El Sunderland está en el umbral de una clasificación europea que coronaría una temporada tan inesperada como notable. Ascendido del Championship el pasado verano, el club afronta su último partido este domingo con la oportunidad de asegurar fútbol continental por primera vez en años, completando una transformación que pocos habrían previsto cuando estaba enterrado en la League One en 2018.
El resurgimiento bajo el propietario Kyril Louis-Dreyfus ha sido rápido y deliberado. Un gasto estival de €180 millones en 13 nuevos jugadores señaló ambición, pero increíblemente ese desembolso convierte al Sunderland solo en la 22.ª plantilla más cara de Inglaterra. Es una paradoja que define su campaña: una inversión significativa que aún palidece frente a los gigantes financieros de la Premier League, lo que obliga al club a encontrar un margen en otro lugar.
En el corazón de este proyecto está Florent Ghisolfi, el director de fútbol de 41 años que dejó la AS Roma a finales del verano para tomar las riendas. Su integración no fue perfecta (admitió estar agotado por el proceso), pero la alineación con Louis-Dreyfus y el entrenador Régis Le Bris creó una visión coherente. Los tres acordaron un plan de plantilla que combinaría ímpetu juvenil con experiencia contrastada, un equilibrio que ha resultado decisivo.
Ghisolfi supervisó 13 llegadas, un nivel de rotación que a menudo fragmenta un vestuario. Sin embargo, insiste en que el espíritu colectivo se mantuvo firme. Como dijo a L'Equipe, a pesar de la afluencia, el club reforzó su identidad en lugar de fracturarla. Esa cohesión intangible se convirtió, en sus palabras, en una de las claves fundamentales de una temporada que desafió todas las proyecciones.
Contrario a la percepción de una reconstrucción completa, Ghisolfi señaló que entre los 16 mejores jugadores en minutos, cinco habían formado parte de la plantilla en el Championship. Ese hilo de continuidad proporcionó un puente entre lo viejo y lo nuevo, asegurando que el talento entrante se absorbiera en una cultura en lugar de sobrescribirla. El resultado fue un grupo que se sentía tanto renovado como arraigado.
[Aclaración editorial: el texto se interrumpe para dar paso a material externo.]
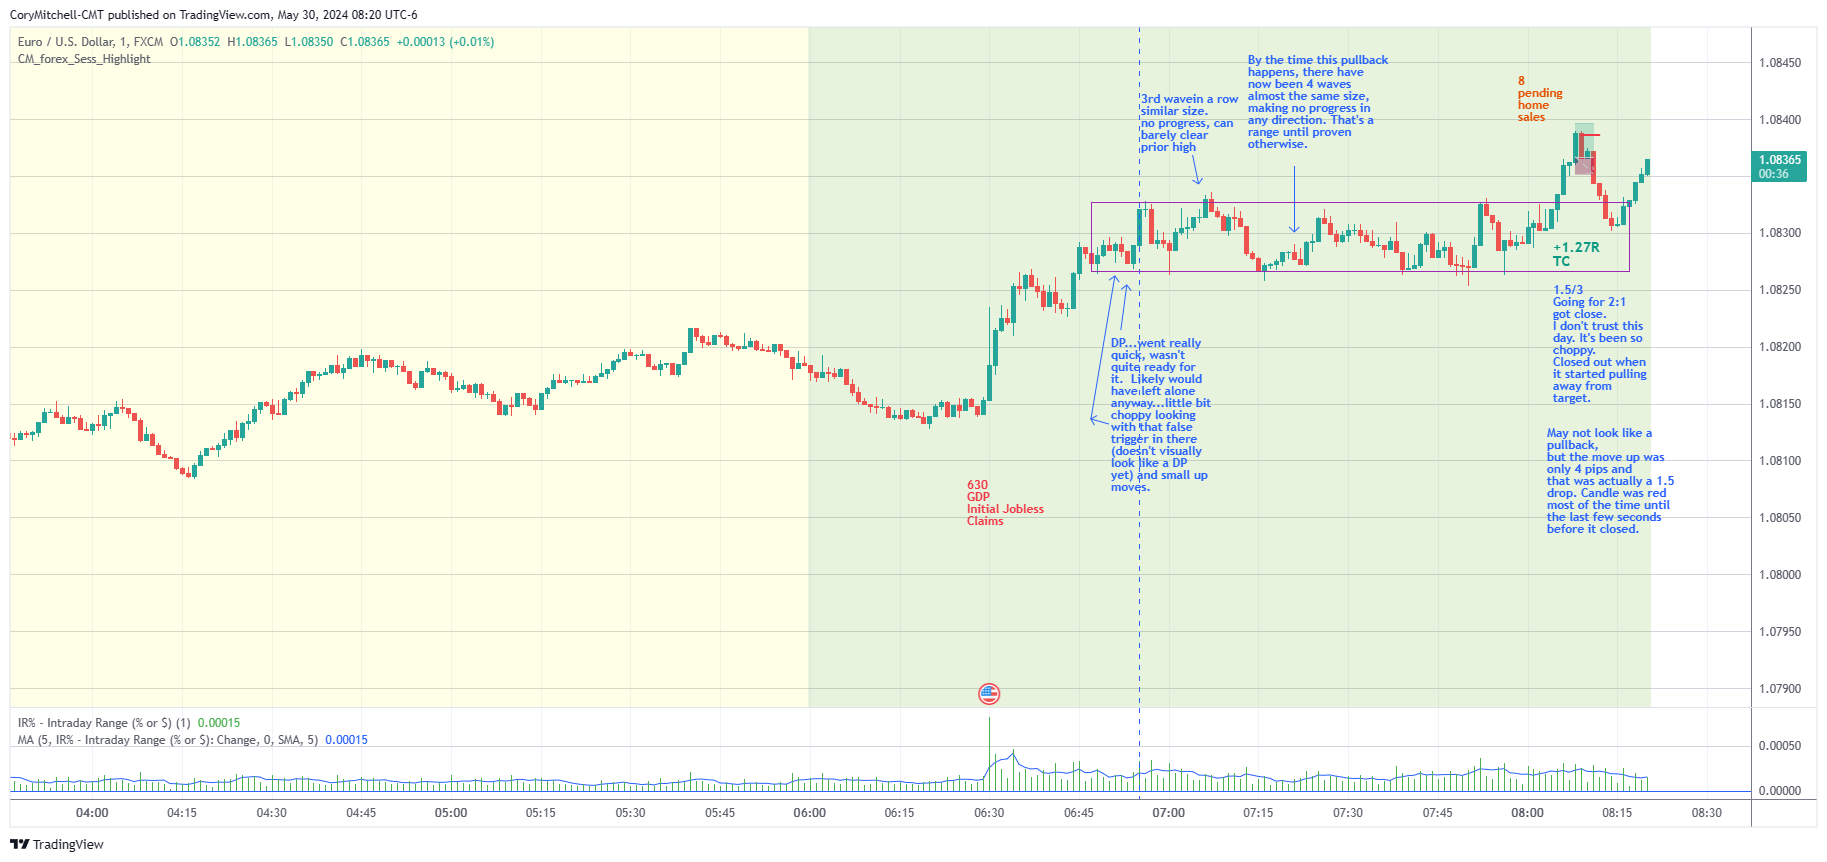 EURUSD 1 minute chart day trading examples May 30 2024

La mezcla de juventud y experiencia se ha manifestado en el campo en un equipo capaz de jugar con libertad y garra. Se ha dado licencia a los jóvenes para expresarse, mientras que los profesionales experimentados ofrecen la estabilidad necesaria en el hervidero de una persecución europea. El diseño estratégico de Ghisolfi se hace eco de un cambio más amplio en cómo los clubes ascendidos pueden planificar su primera temporada en la máxima categoría: no solo para sobrevivir, sino para alterar.
La historia del Sunderland tiene implicaciones que se extienden por toda la liga. Desafía la ortodoxia de que solo los clubes con presupuestos ilimitados pueden colarse en los puestos europeos. Con una contratación cuidadosa, una identidad cultural clara y la voluntad de confiar en un plan a largo plazo, un equipo recién ascendido puede saltar por encima de nombres más consolidados. En una temporada en la que los poderes tradicionales han tropezado, el ascenso del Sunderland es un testimonio del valor de una estructura inteligente por encima del gasto puro.
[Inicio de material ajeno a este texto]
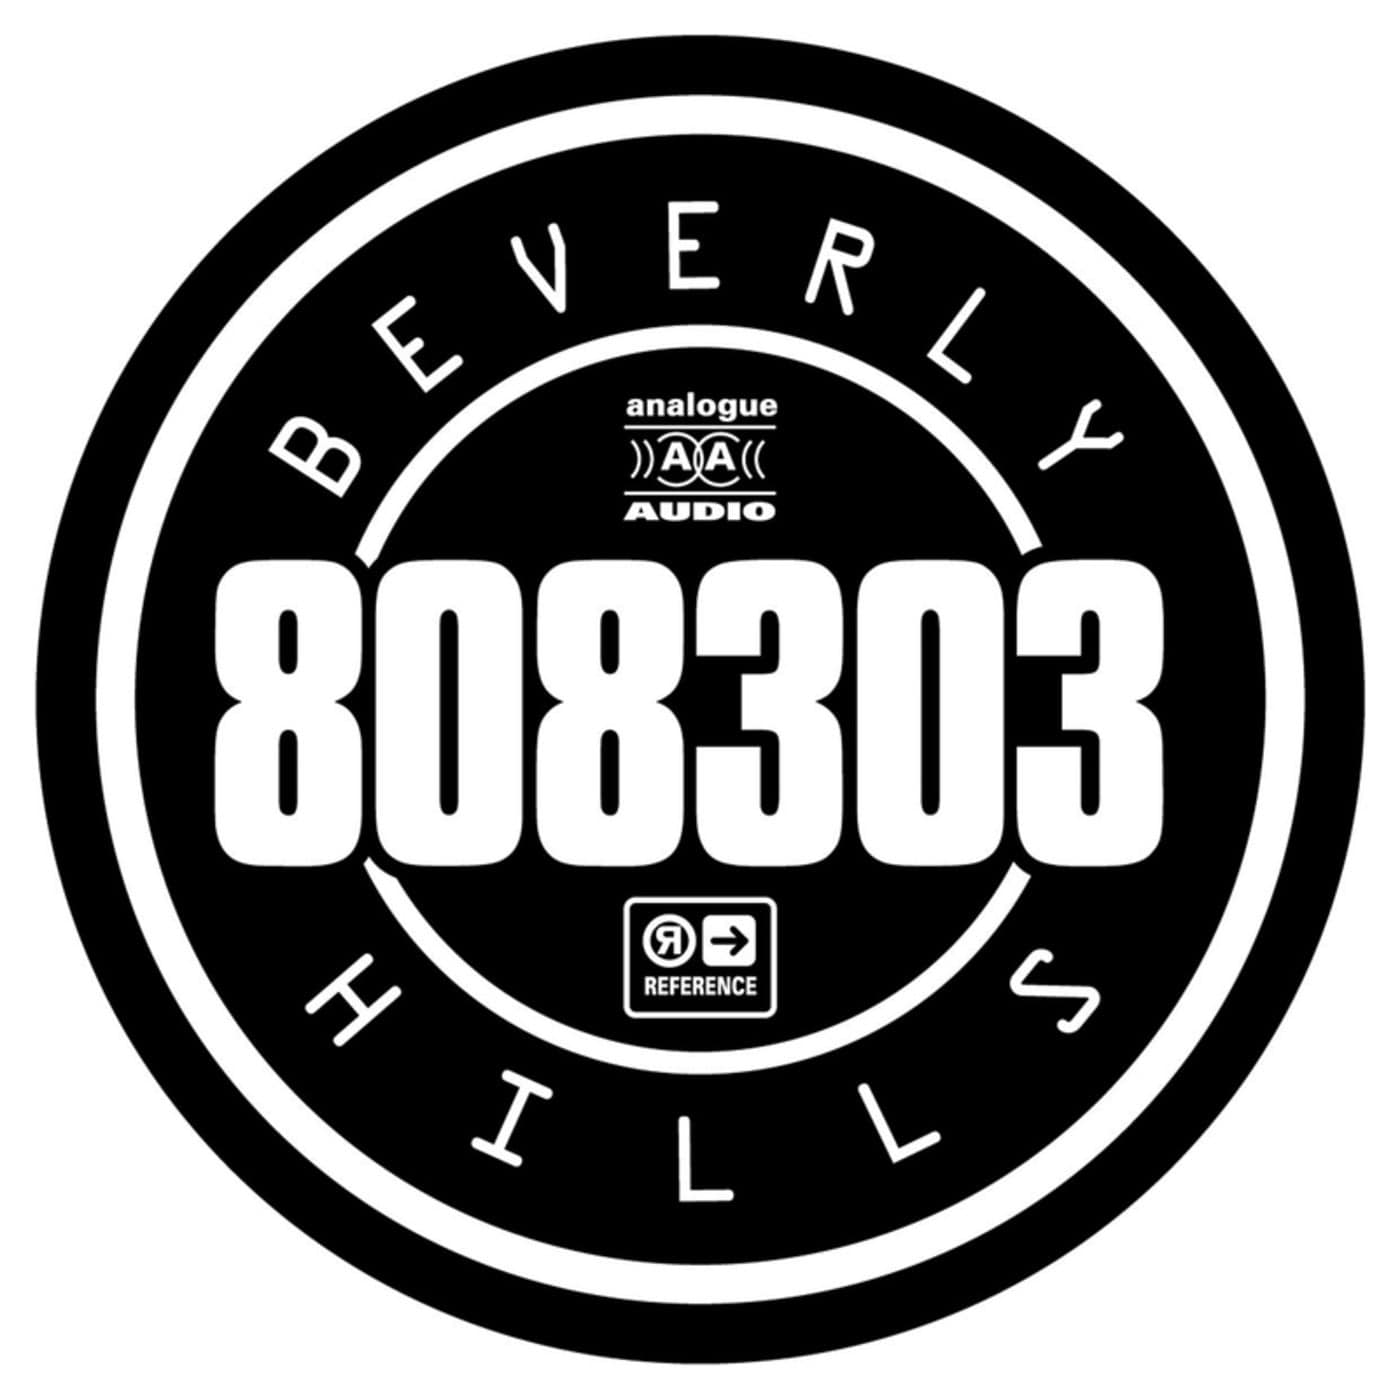 Download Beverly Hills 808303 - Beverly Hills 808303 Acid Smack on Electrobuzz

Para la Premier League, una clasificación europea del Sunderland sería un sacudón a la jerarquía. Reaviva recuerdos del milagro del título del Leicester City, aunque por una ruta diferente: no un golpe de suerte aislado, sino un proyecto meticulosamente construido. Sugiere que la brecha entre los ascendidos y los establecidos se puede salvar con inteligencia y paciencia, no solo con dinero.
A medida que se acerca el partido decisivo, la importancia se extiende más allá de esta temporada. Europa traería ingresos, prestigio y una plataforma para atraer mejores jugadores, acelerando el ascenso del club. También validaría el proyecto que Ghisolfi y sus colegas han montado minuciosamente. Los ecos de sus días en la League One se vuelven más débiles con cada victoria.
Ghisolfi observará desde la grada, su agotamiento reemplazado por la anticipación. El viaje desde dejar Roma hasta construir la nueva identidad del Sunderland ha sido rápido pero coherente. El resultado del domingo escribirá la última línea de este capítulo, pero incluso un tropiezo no puede borrar lo que ya se ha logrado: una temporada que redefine las expectativas y demuestra que la identidad y la voluntad colectiva pueden llevar a un equipo al borde de Europa.
Basado en información de L'Equipe.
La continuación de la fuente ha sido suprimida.